The Racers Group will announce within the next two weeks that Paul Edwards and Kelly Collins will occupy the team's Pontiac-backed #64 GTO.R seats for the 2006 Rolex Series season, according to sources very close to the situation.

Edwards and Collins will be joined for the Rolex 24 by Edwards' occasional 2005-season team-mate Jan Magnussen along with Andy Pilgrim.

Pilgrim most recently raced a Cadillac in the SCCA GT World Challenge Driver's Cup, scoring eight top-five finishes on the way to a first-place points finish in 2005. Pilgrim has two Rolex 24 at Daytona winner’s watches: one earned in 2002 winning American GT class in the #09 Spirit of Daytona Corvette and in 2004 with Feeds The Need Racing’s #54 Pontiac-Doran DP.

One-time F1 driver Magnussen, named Danish Racing Driver of the Year 2005 by the Danish Racing Federation, has scored numerous wins in a plethora of car classes on two different continents since the Dane started racing, including three 2005 Rolex Series GT victories in the Pontiac GTO.R he shared with Edwards. Among Magnussen's victories are Corvette works wins at Le Mans and Petit Le Mans.

With his 2005 driving partner, Edwards won at Watkins Glen [round 2], Phoenix and Mexico City in his Pontiac GTO.R. He also competed in British Formula Palmer Audi Winter Series, Formula Opel Winter Series, British Formula Three Series and British Formula Ford Championship.

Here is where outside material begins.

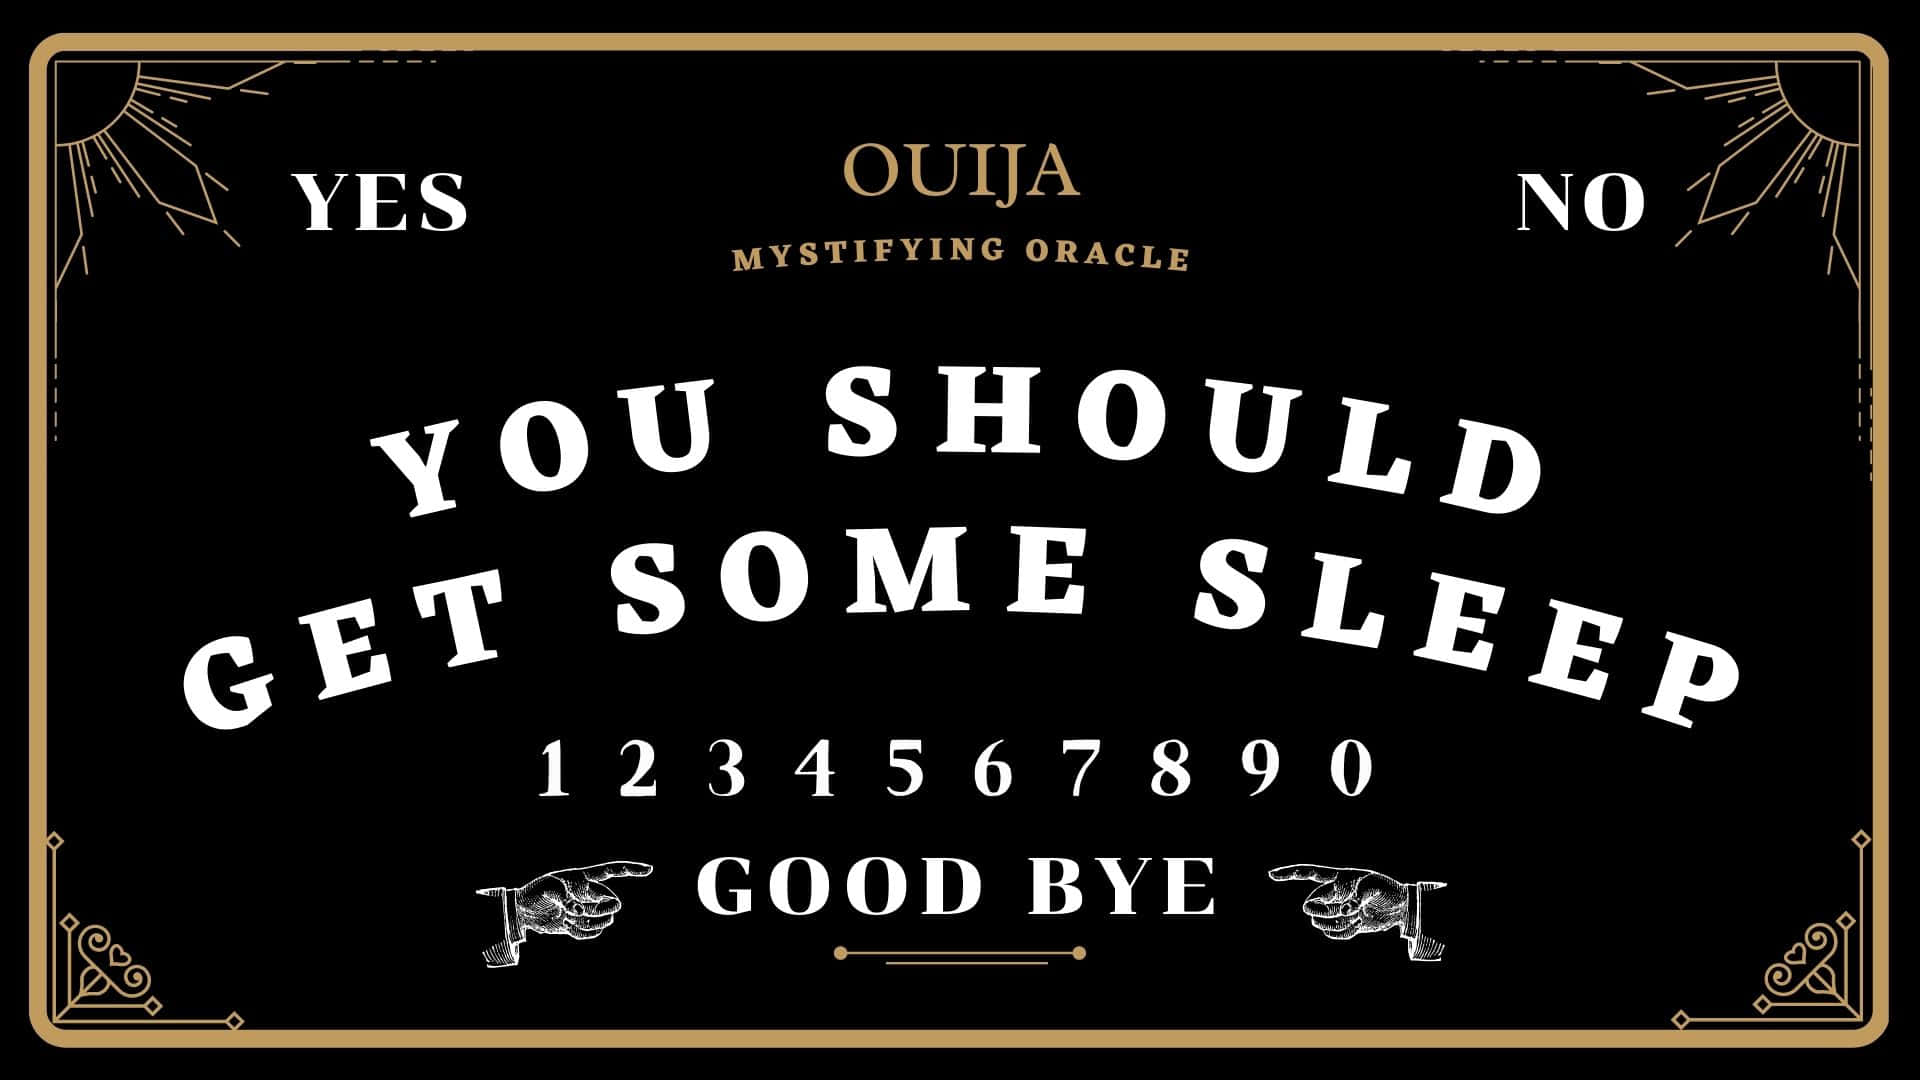 Make contact with the spirit world with this Ouija board Wallpaper

Once a Corvette works driver [1999, 2000, 2001, 2002], Collins has posted over a dozen major series' race victories spanning a number of sportscar series and car types since joining the professional ranks in 1990. In 2002 Collins raced to a Rolex 24 podium finish with Pilgrim, Dale Earnhardt and Dale Earnhardt, Jr. After bumping around teams and classes for the last couple of years, Collins has found a home with old friend Buckler.


----------